Hz. Enes şöyle nakletmiştir :
Bir adam Rasûlüllah’a gelerek, “Ey Allah’ın Elçisi, kıyamet ne zaman ?” diye sordu. Efendimiz : ” Kıyamet için ne hazırlığın var ?” buyurdu. Adam : ”Ya Rasûlüllah ! Farz namazlardan, oruçlardan, sadakalardan başka yaptığım fazla bir nafile ibadetim yoktur. Fakat Allah ve Rasûlünü çok severim.”deyince , Rasûlüllah “Sen sevdiklerinle berabersin” buyurdu.(Tac. V, 73)
Bir arkadaşımız Almanya’da çocuğuna babasının adı “İsa” olduğu için İsa adını vermiş. Hastanede doktorlar, hemşireler, ilgi göstermiş ve hediyeler sunmuşlardır.
Bizde çocuğuna Muhammed veya O’nun yerini tutan isimler koyana “Başka ad bulamadın mı?” diyenler oluyor. Ne talihsizliktir.
Mevlâna, Yunus haftası ayıranlar, Peygamberi unutuyor.Peygamber aşkını çıkarın, ne Mevlâna kalır ne de Yunus. Bu Peygamberi unut- turma yoludur.
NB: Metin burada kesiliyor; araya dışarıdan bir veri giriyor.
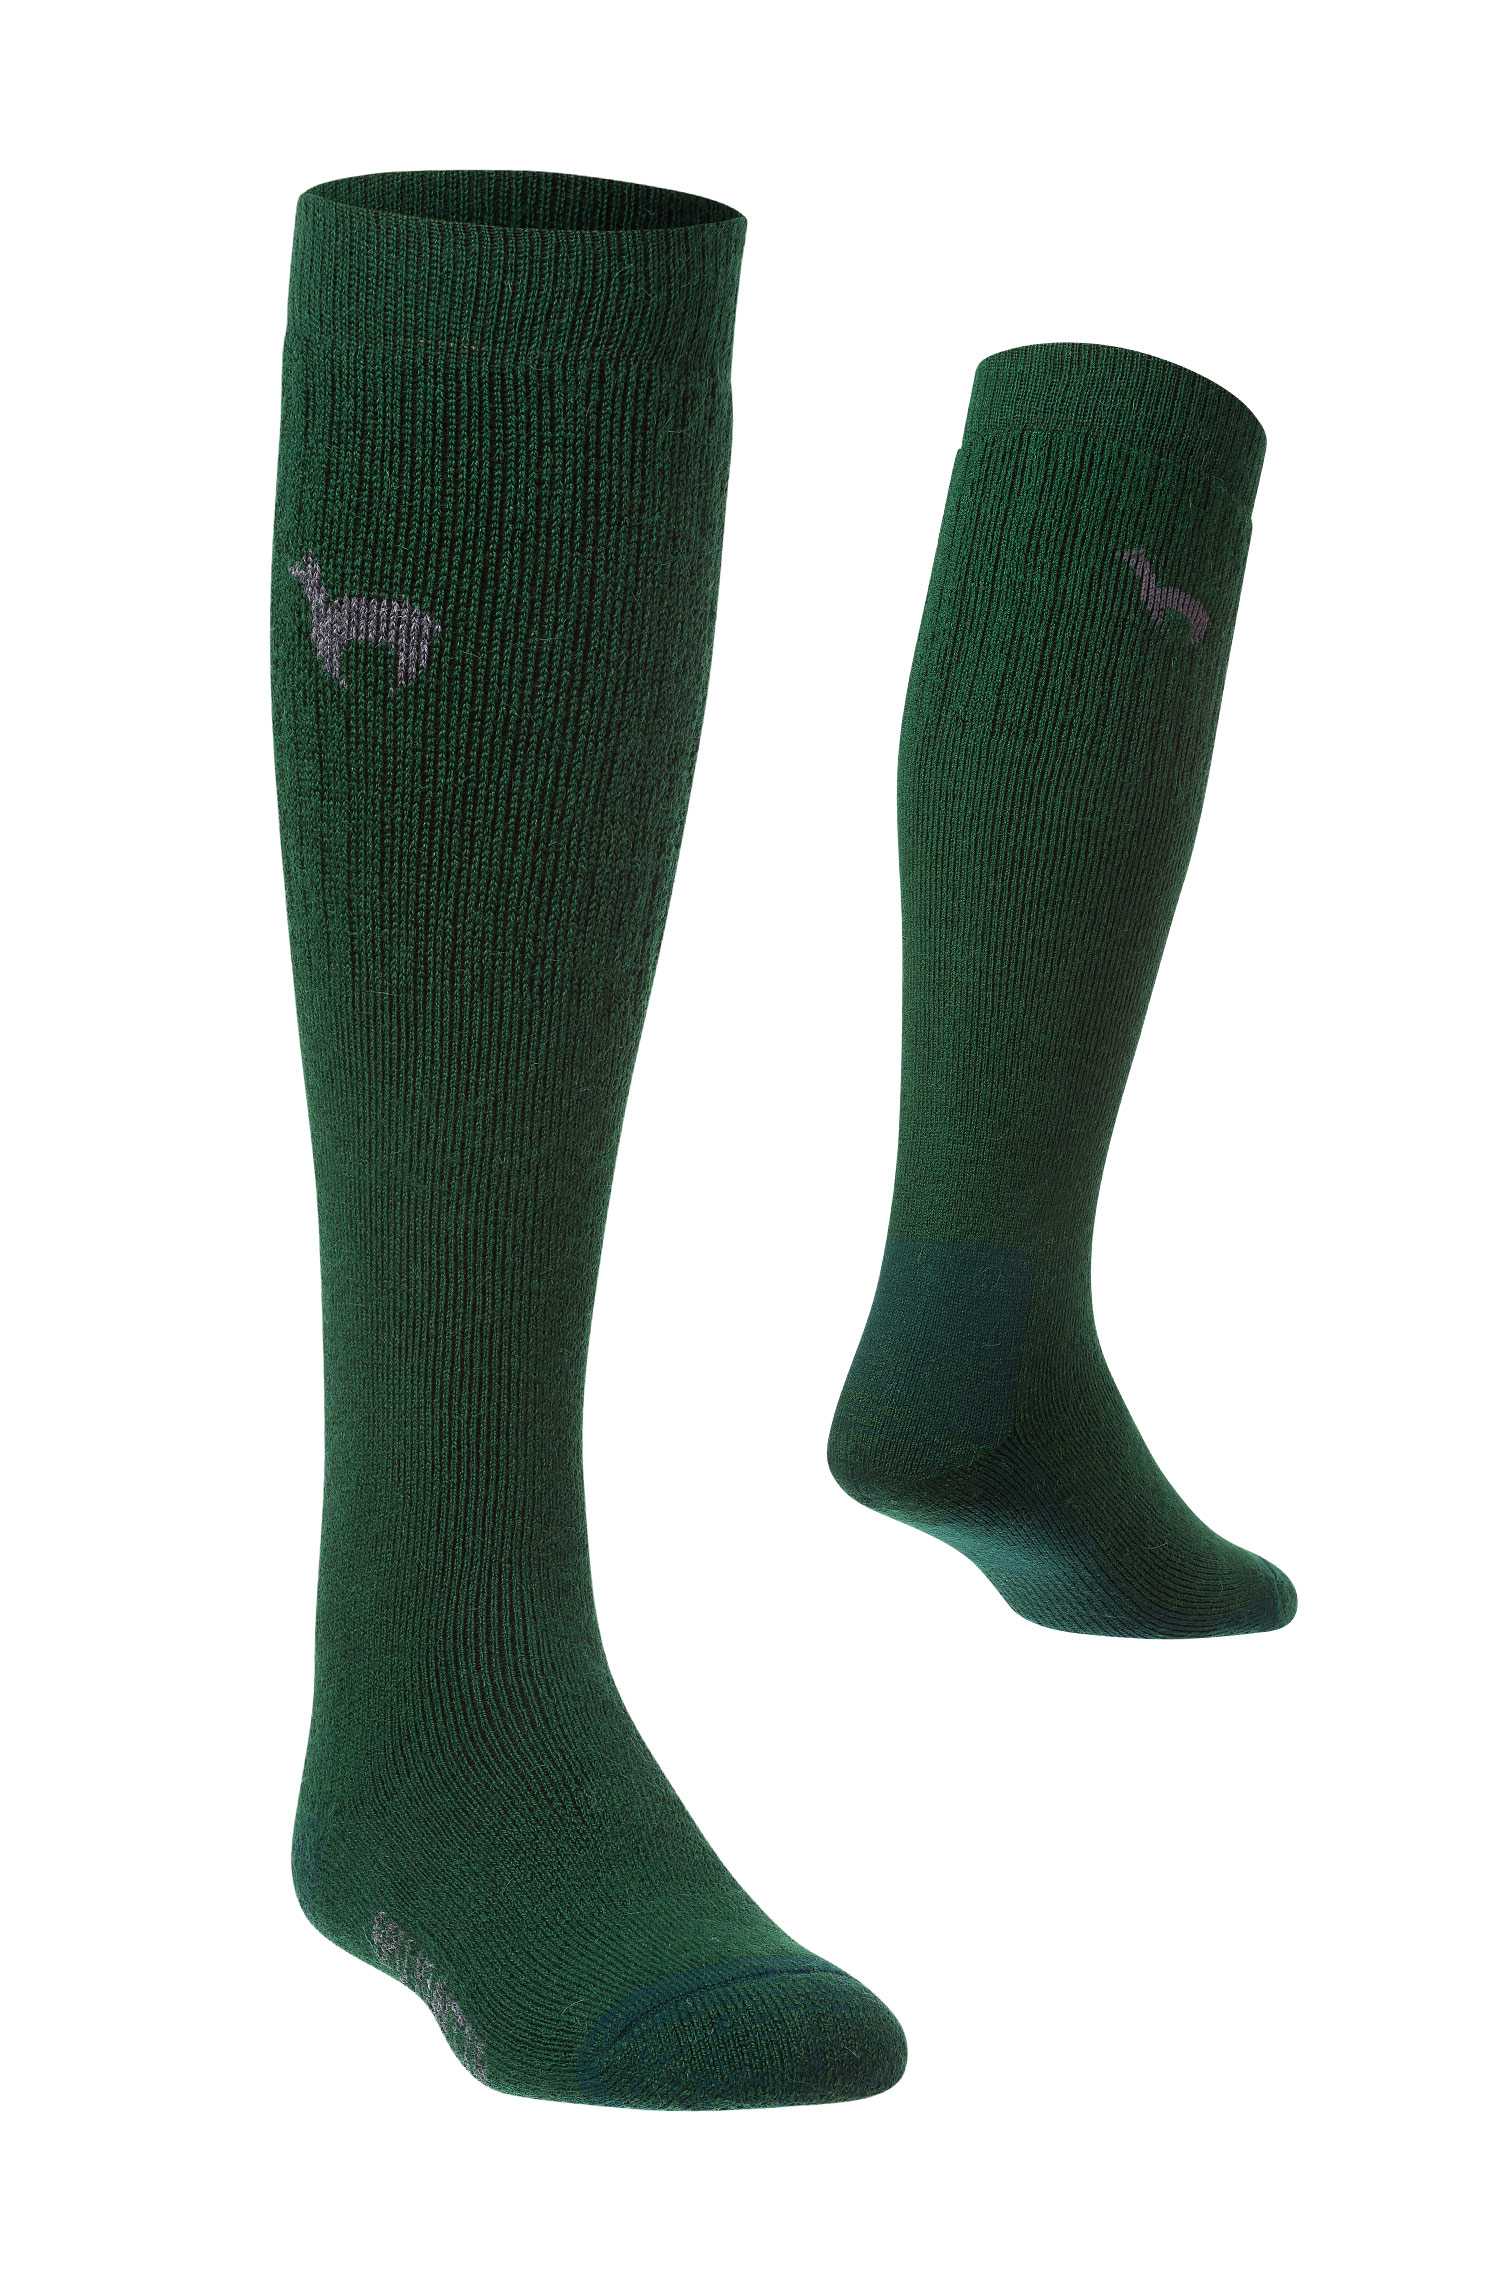 Alpaka JAGD-Socken aus 52% Alpaka & 18% Wolle

Kur’an’da ,Peygamberi sevemeyen ahirette ellerini çırparak, “Keşke Peygamber ile birlikte yol alsaydım.Eyvah falanı dost edinmeseydim” diye pişman olacağı haber veriliyor. (Furkan :27-28)
Allah Rasûlü, dünyada en çok sevilen insandır. Kimse O’nun gibi sevilmemiştir.Niceleri unutulmuş gitmiş, ama O, halâ gündemdedir, gönüllerdedir.
Sahabe, hayatı pahasına O’nu korumuş, herkesten çok sevmiştir.O’nun ayağına dikenin batmasına bile razı olmamışlardır.Kocası ve iki oğlu şehid olan kadın :”Peygamber nasıl ?” demiştir. İnandığı için dayak yiyip bayılan , ayılınca ilk sözü :”Peygambere bir şey oldu mu ?” demiştir.
Aşere-i Mübeşşere, Peygamberi çok sevdiği için cennetle müjdelendi.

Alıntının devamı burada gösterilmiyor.